So, how do they afford to train all day? Well, one day doing a photoshoot or commercial and the rest of the week training while the check is being cashed.

How many Olympic equestrians could look forward to endorsements after the Olympics? How many went back to their hovels to scrape up enough money to buy their next Olympic hopeful?

kt-rose
Feb. 28, 2010, 08:35 PM
I've been reading this thread all along and debating about posting but hesitated...I think what eventrider says is so very true...you need the 4 things Denny says plus you have to have serious money. Where is it going to come from? A lot of it used to come from folks like me. I am no Jackie Mars but I can afford to keep 2 horses in training with upper level folks, pay all the vet bills, entries, winter in Aiken, Wellington, etc. But I am becoming hesitant because in the eventing world you can only do this for love of the sport and the horse and this sport eats horses. I am carrying the retired horses to prove it. No matter how hard you work to take care of them and keep them sound, how much you spend on training and vets, this sport still breaks them. To be successful they have to compete too often, they have to work too hard and they get so little down time, now that going south for the winter is almost a requirement for the horses, there is no real break. The sport has to change if folks like me are going to continue to send the horses we love out there. Right now I have 2 youngsters I bred to event -- bred to be my Rolex babies :) (gotta dream, right!!!). My favorite is going to a hunter trainer. I will not put her out there to get broken. It is not a matter of money -- the hunter trainer is even more expensive than the eventing, entry fees etc are way higher but I have some hope my vet bills will be more reasonable. The other youngster is tough as nails, has six legs and has never taken an awkward step in her life...she is possibly the last horse I will send out into the eventing world. If the sport can eat up a horse like her, then I am done. I will do whatever it takes to do the very best job we can to develop her correctly. I love eventing -- when it goes the way it is supposed to it is the most fun for horse and rider, the best challenge -- but if eventing can't find a way to structure the competition so my horses don't get eaten alive in order to be successful, I'm done. The hunter world is not near as fascinating but at least the horses I've bred and love will come home to hunt, cart me around the lower levels, whatever.

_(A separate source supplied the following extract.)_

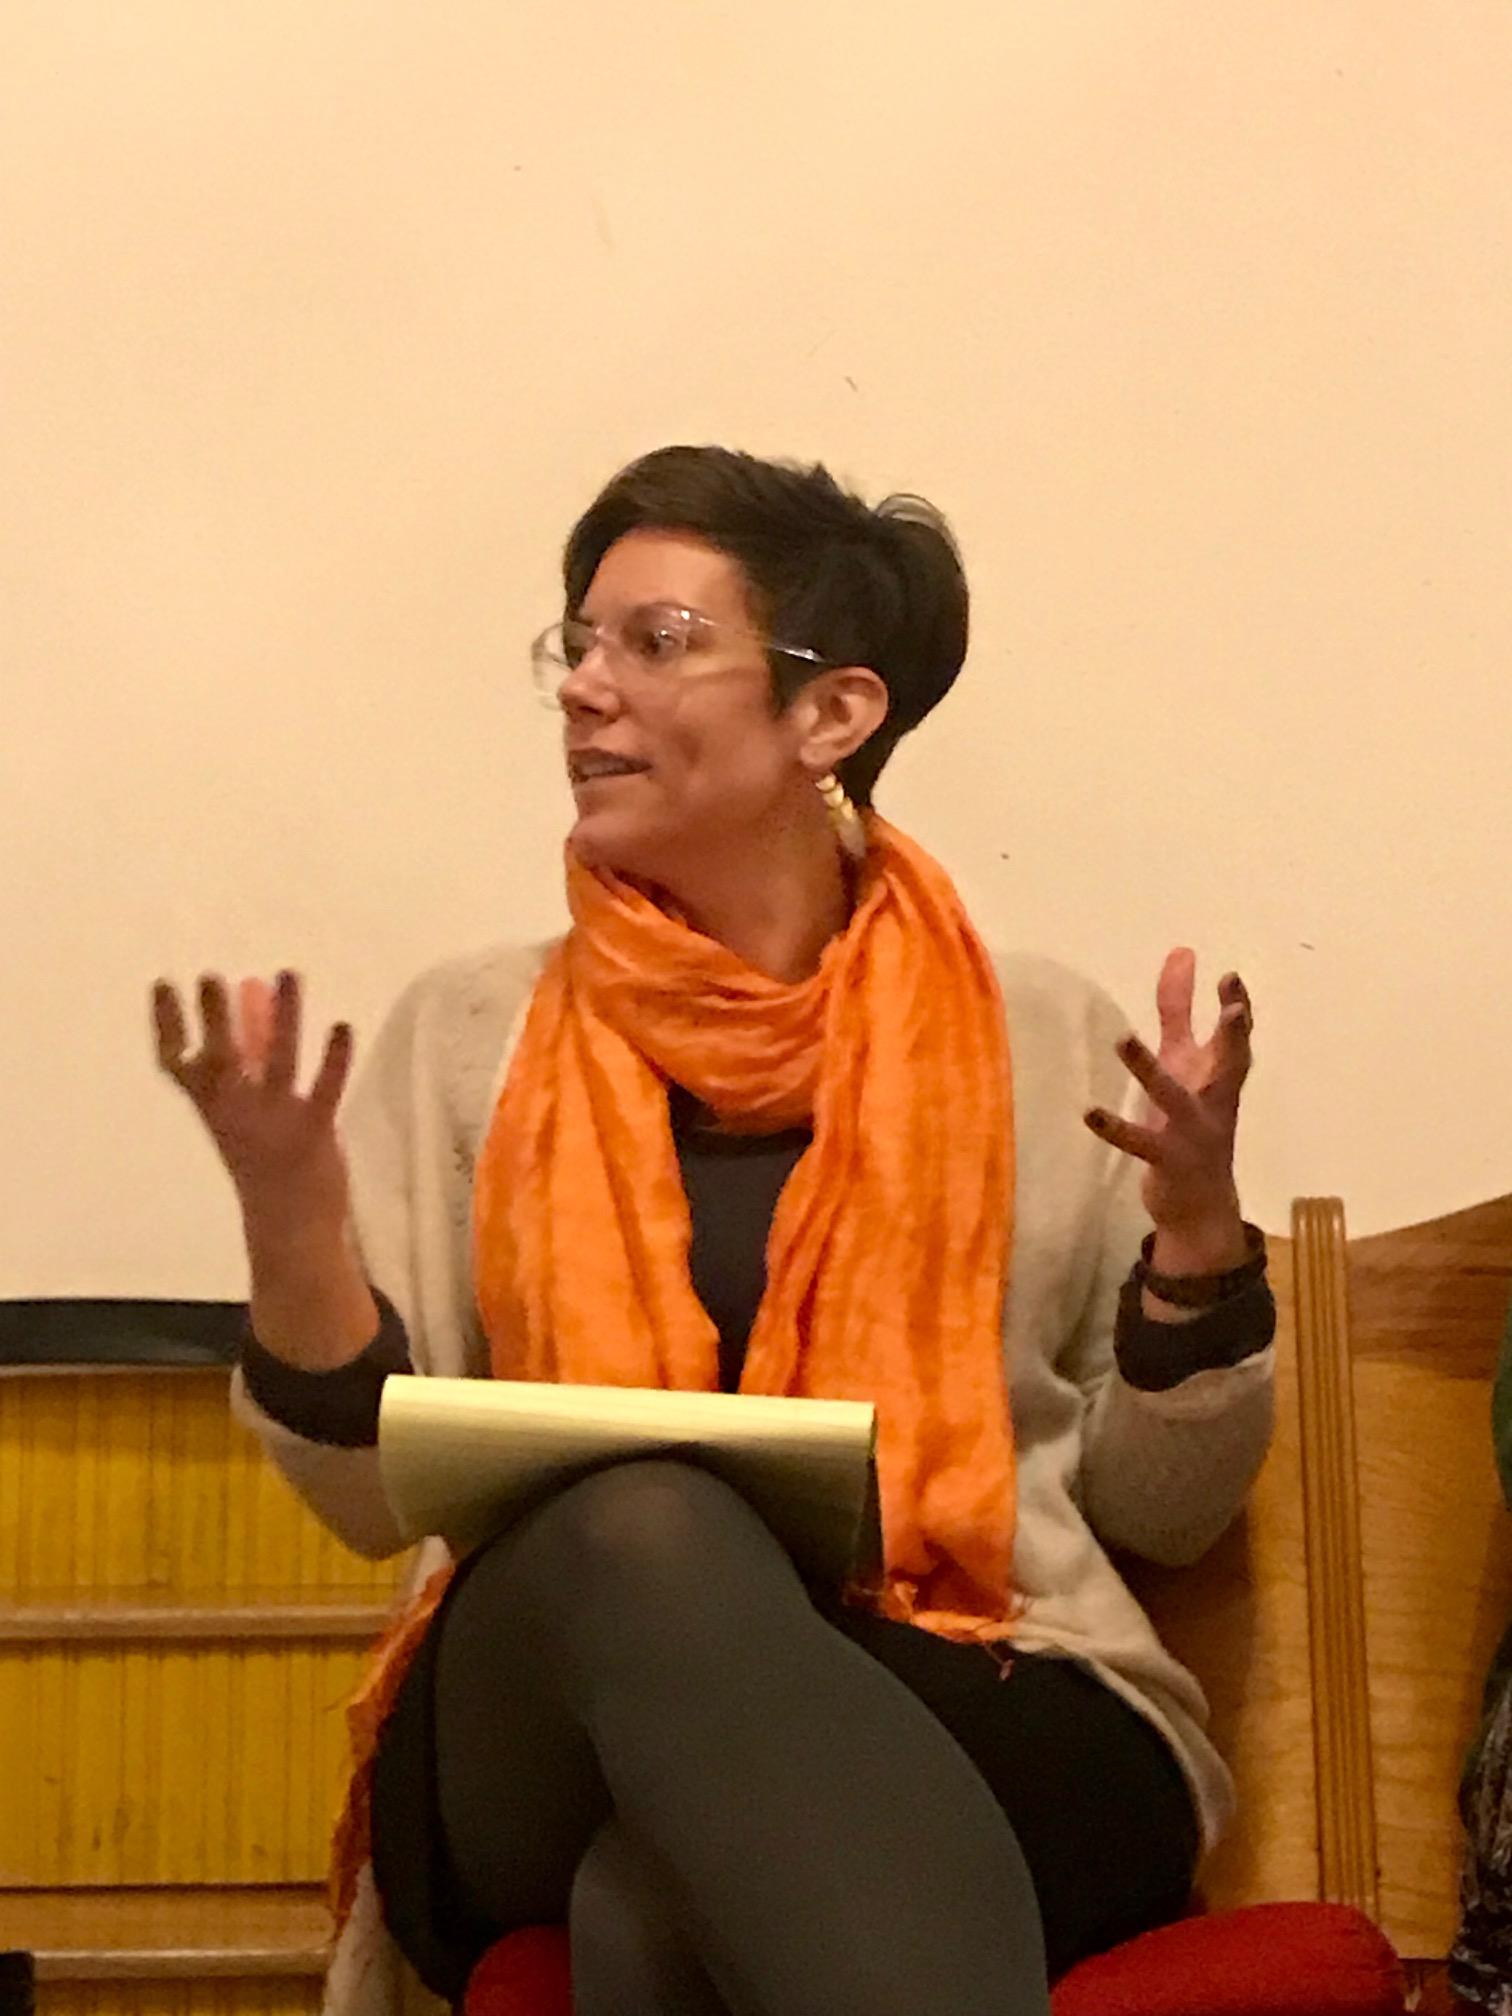 Gwen Pokalo, Moderator, of the Center for Women in Enterprise
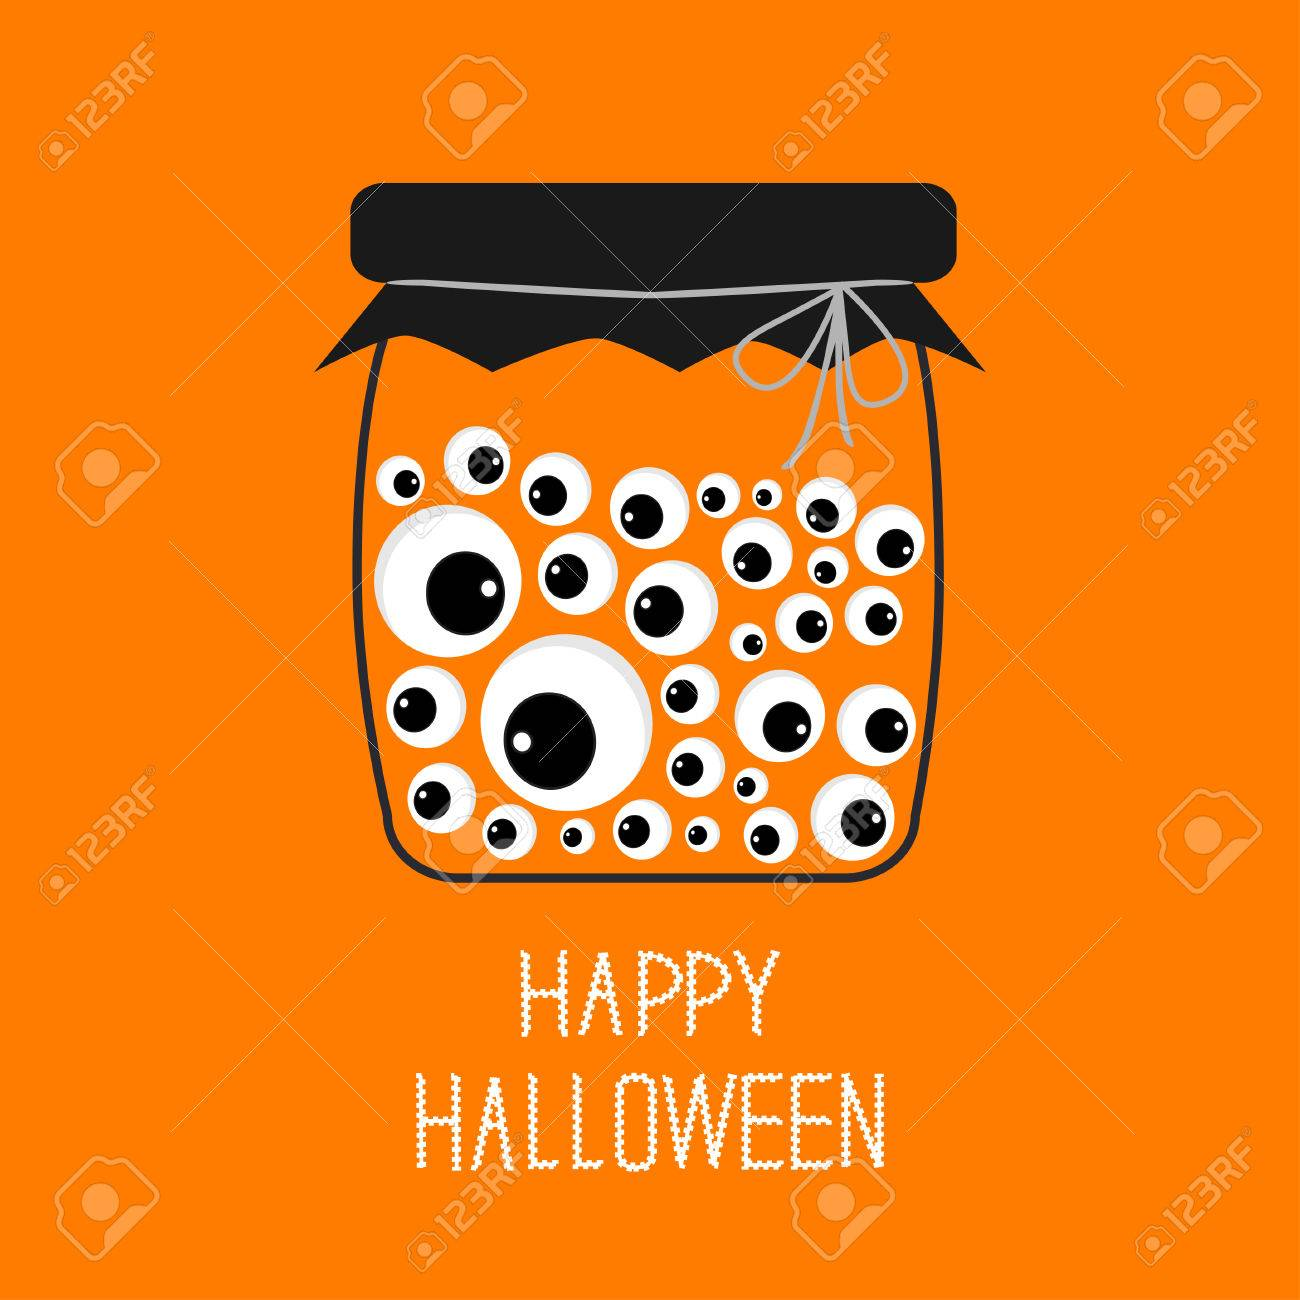 Glass Bottle Jar With Eyeballs Halloween Card. Spooky Orange Background  Flat Design. Vector Illustration

So I guess what I am trying to say is that what our riders need is money, folks like me to pay the bills for the horses they are riding, but unless eventing can do a better job of structuring competition, qualifications, course design so that we feel good about sending our horses out there, that money is going to be hard to find. Eventing has to prove to me that it cares about my horses the way I do if it wants me to pour the neccessary funds into developing them as upper level horses. It's either that or provide enough prize money so that it becomes a business rather than a passion and attracts a whole different group of owners.

eventrider
Feb. 28, 2010, 08:59 PM
Kate,

Really well said and THANK YOU so much for your input! I agree that the sport has got to change, or the priorities of the riders have got to change. It is doable to produce a horse to the upper levels successfully without breaking them, but the riders have to have a different goal than making a team. That way, they can pick and choose more carefully, not start the season so early in the year, and not compete every weekend. I am going to jinx myself right here, but I have never had a horse that I rode or produced ever have any unsoundnesses. That includes tendons/ligaments or concussion related to the sport. I have had pasture accidents, but that can happen to horses in any sport. So maybe it has to do with goals and why someone is doing the sport. On the other hand, there are always going to be those freak accidents that happen on course and have nothing to do with conditioning/pounding/etc.

lstevenson
Feb. 28, 2010, 09:09 PM
To be successful they have to compete too often


I agree with most of your other points, but have to take exception to this one. Do many riders compete too much? Yes, probably. Especially since the loss of long format 3 days. But do they have to compete excessively to be successful? No.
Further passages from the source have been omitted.